Regarding the new book, "A Jay in the Jacaranda Tree", I hope you'll give it a go. It's got shades of the old "Ramblings" series in it, in that it does contain some anecdotes and experiences of over a decade of living on Rhodes, but it's generally quite different in that it's really a treatise on the Rhodes and the Greece of the past ten years, with all the turmoil that's been going on regarding the economic woes, the political upheaval and the refugee crisis for starters.
Hopefully it'll answer a few questions too, ones that the guests on my excursions ask me so often. Things like whether we'd ever go back to the UK, how the financial crisis affects ex-pats living over here and others.

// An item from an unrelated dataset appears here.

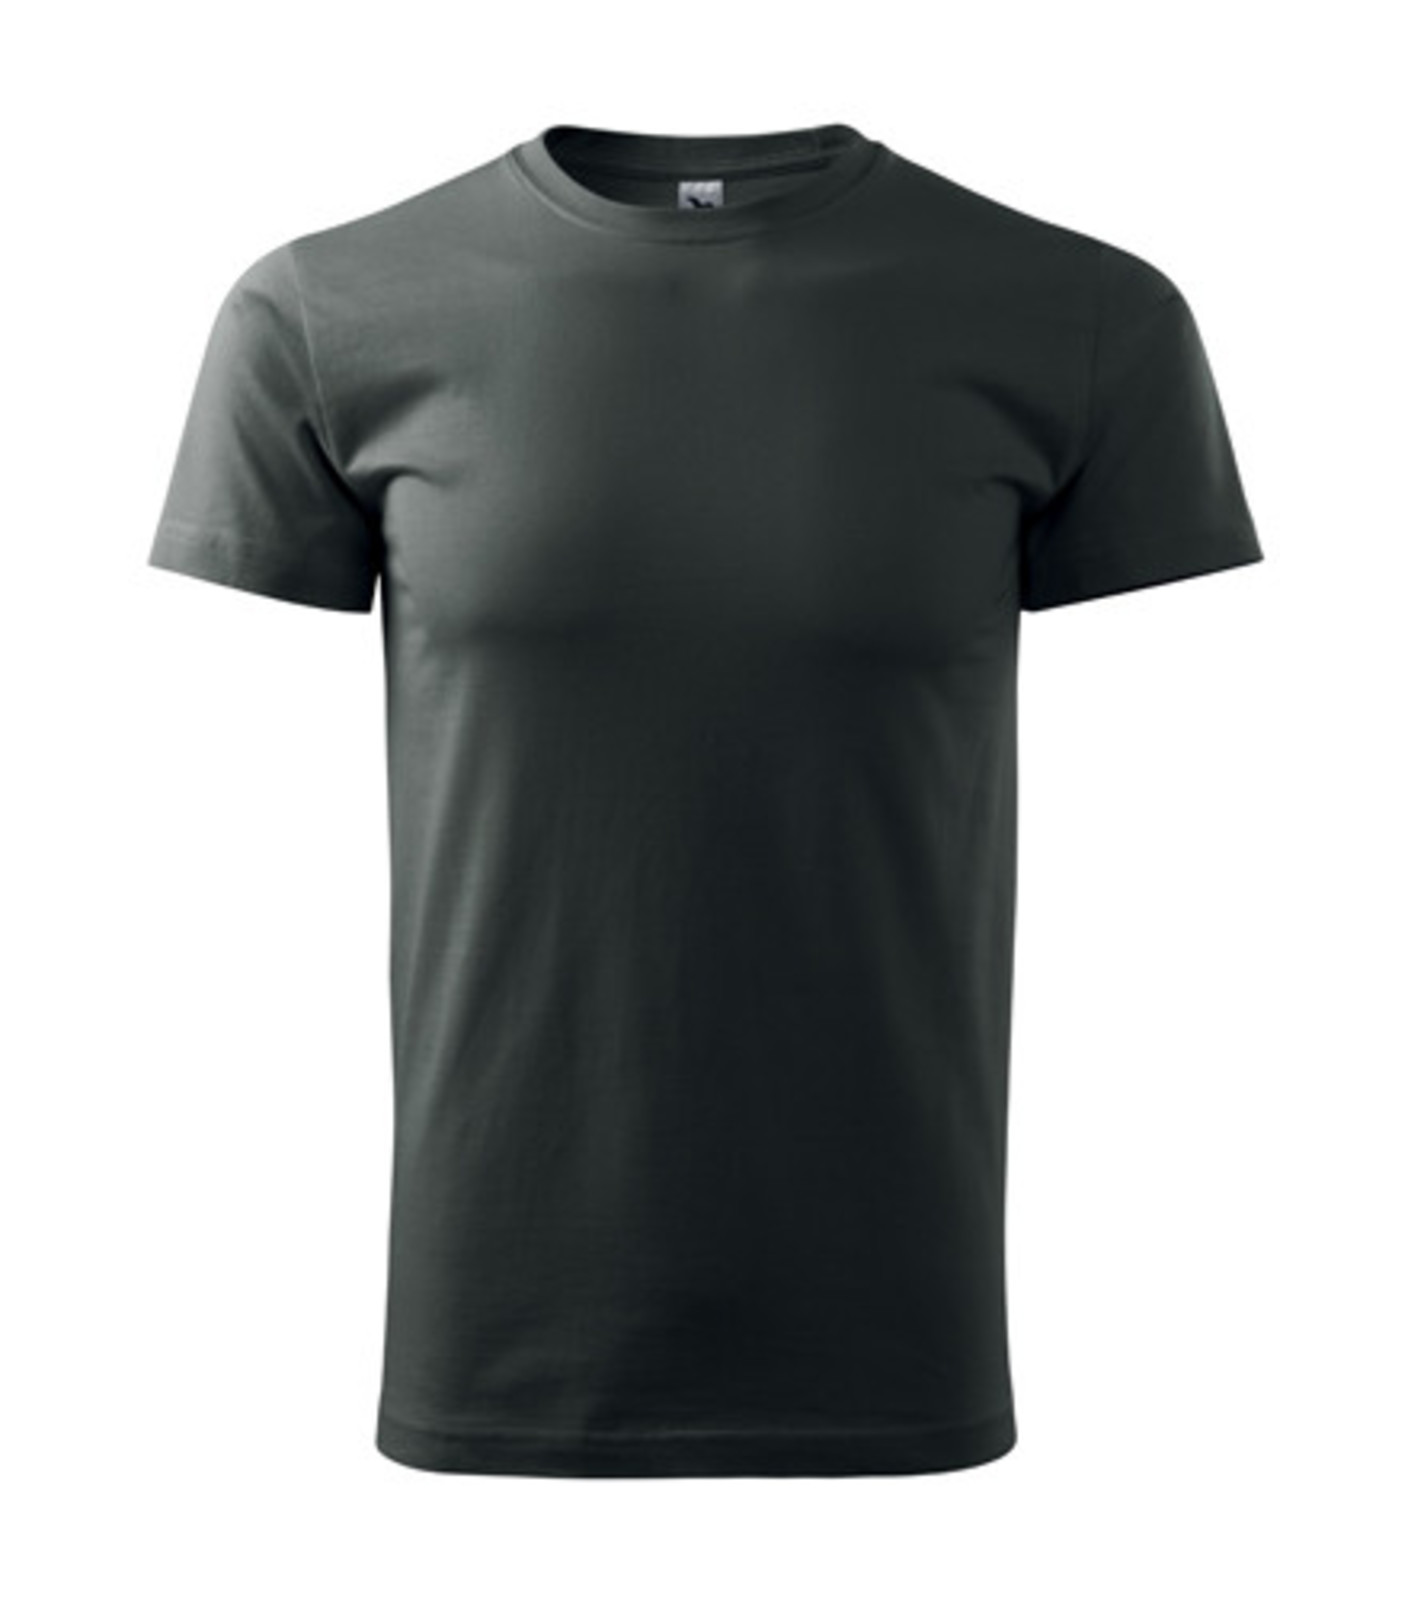 Pánske tričko Malfini Basic 129 - veľkosť: XL, farba: tmavá bridlica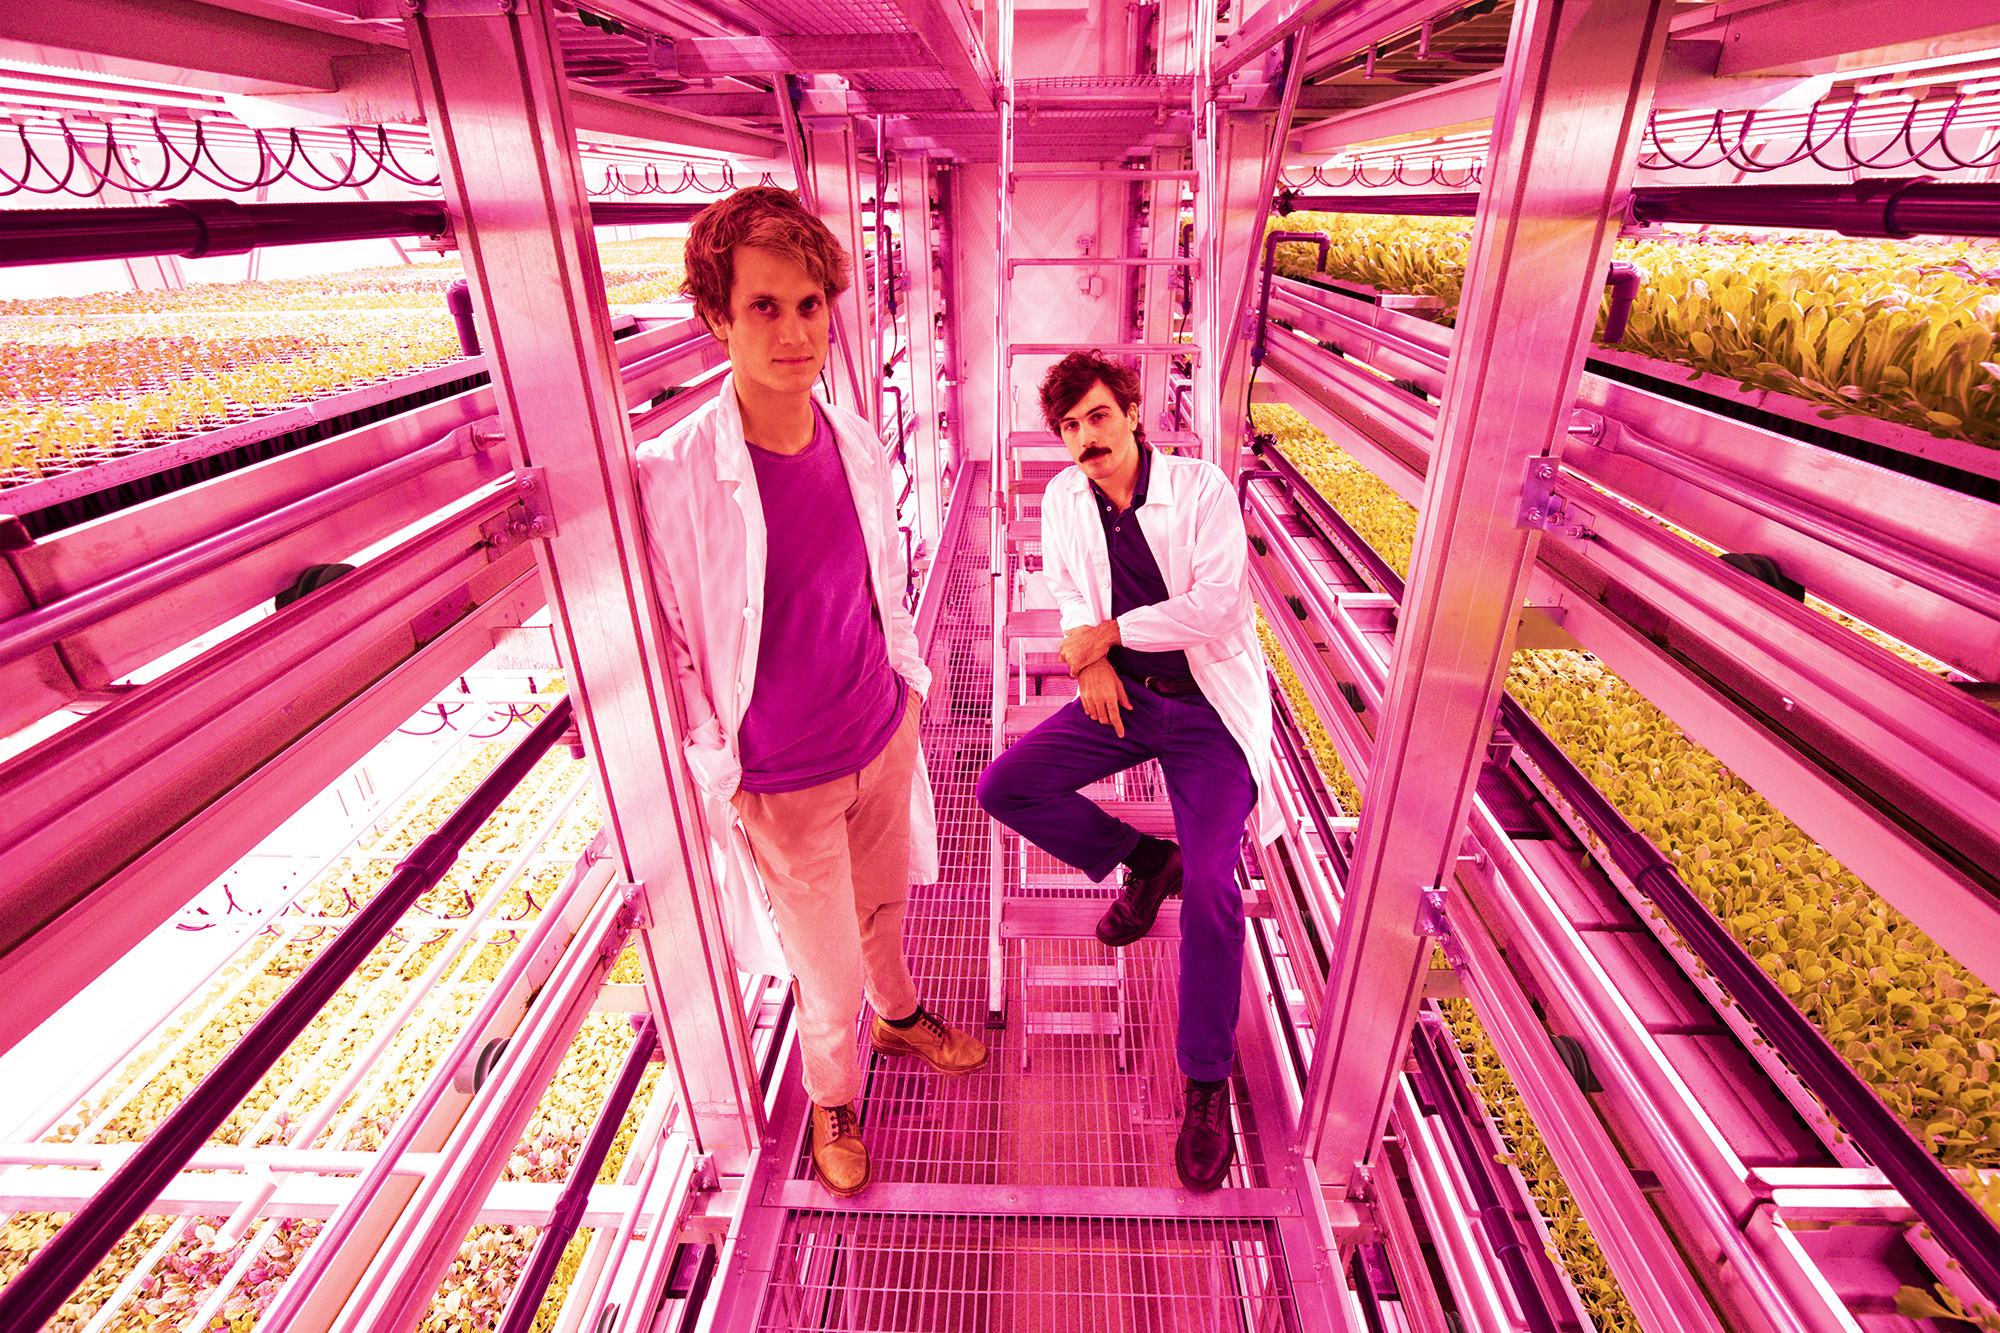 Vertical farm, i due fondatori della vertical farm Agricola Moderna dentro la struttura

It delves into the realms of controversy too and gets pretty frank about animals, ex-pats and their ways, the religion and its effect on the general populace, tourism's good and bad sides, stuff like that. It looks at the Greek health service from the angle of someone living 'on the ground' as it were, as it does the situation in Athens, something that I feel has been grossly distorted by the overseas media, especially in the UK.
Overall I hope that readers will sense my underlying affection for this country and its eccentric people. I'm being provocative here and there and thus the quote that I've chosen to preface the whole thing...
"I disapprove of what you say, but I will defend to the death your right to say it."
- Evelyn Beatrice Hall (under the pseudonym S. G. Tallentyre), reputedly quoting Voltaire.
I fully expect some readers to disagree with my 'findings', but mature folk can think along different lines, completely disagree in fact, without becoming enemies. Mature folk don't fall out, in fact they applaud the rights of others to express their views unhindered (that's covered that then!).
The bee-eaters have arrived early. The swallows, martins and even the odd swift are swooping in the early evening, the deer have retreated to higher altitudes in search of fresher air and the presence of half-naked people down the road near the local cafés and shops indicates that the summer season is once again waking up. I'll soon be welcoming guests aboard my occasional excursions and my wife has already begun work. It is good. It is right. It is nice. As we always say here in spring - "it's nice to see things waking up," after months of the winter's sleepiness. Come late September we'll once again be saying of the tourists, "bugger off home and leave our island to us again please."
But every year at this time we find ourselves glad to see them again. Spring is sprung, the grass is riz ...bring it on.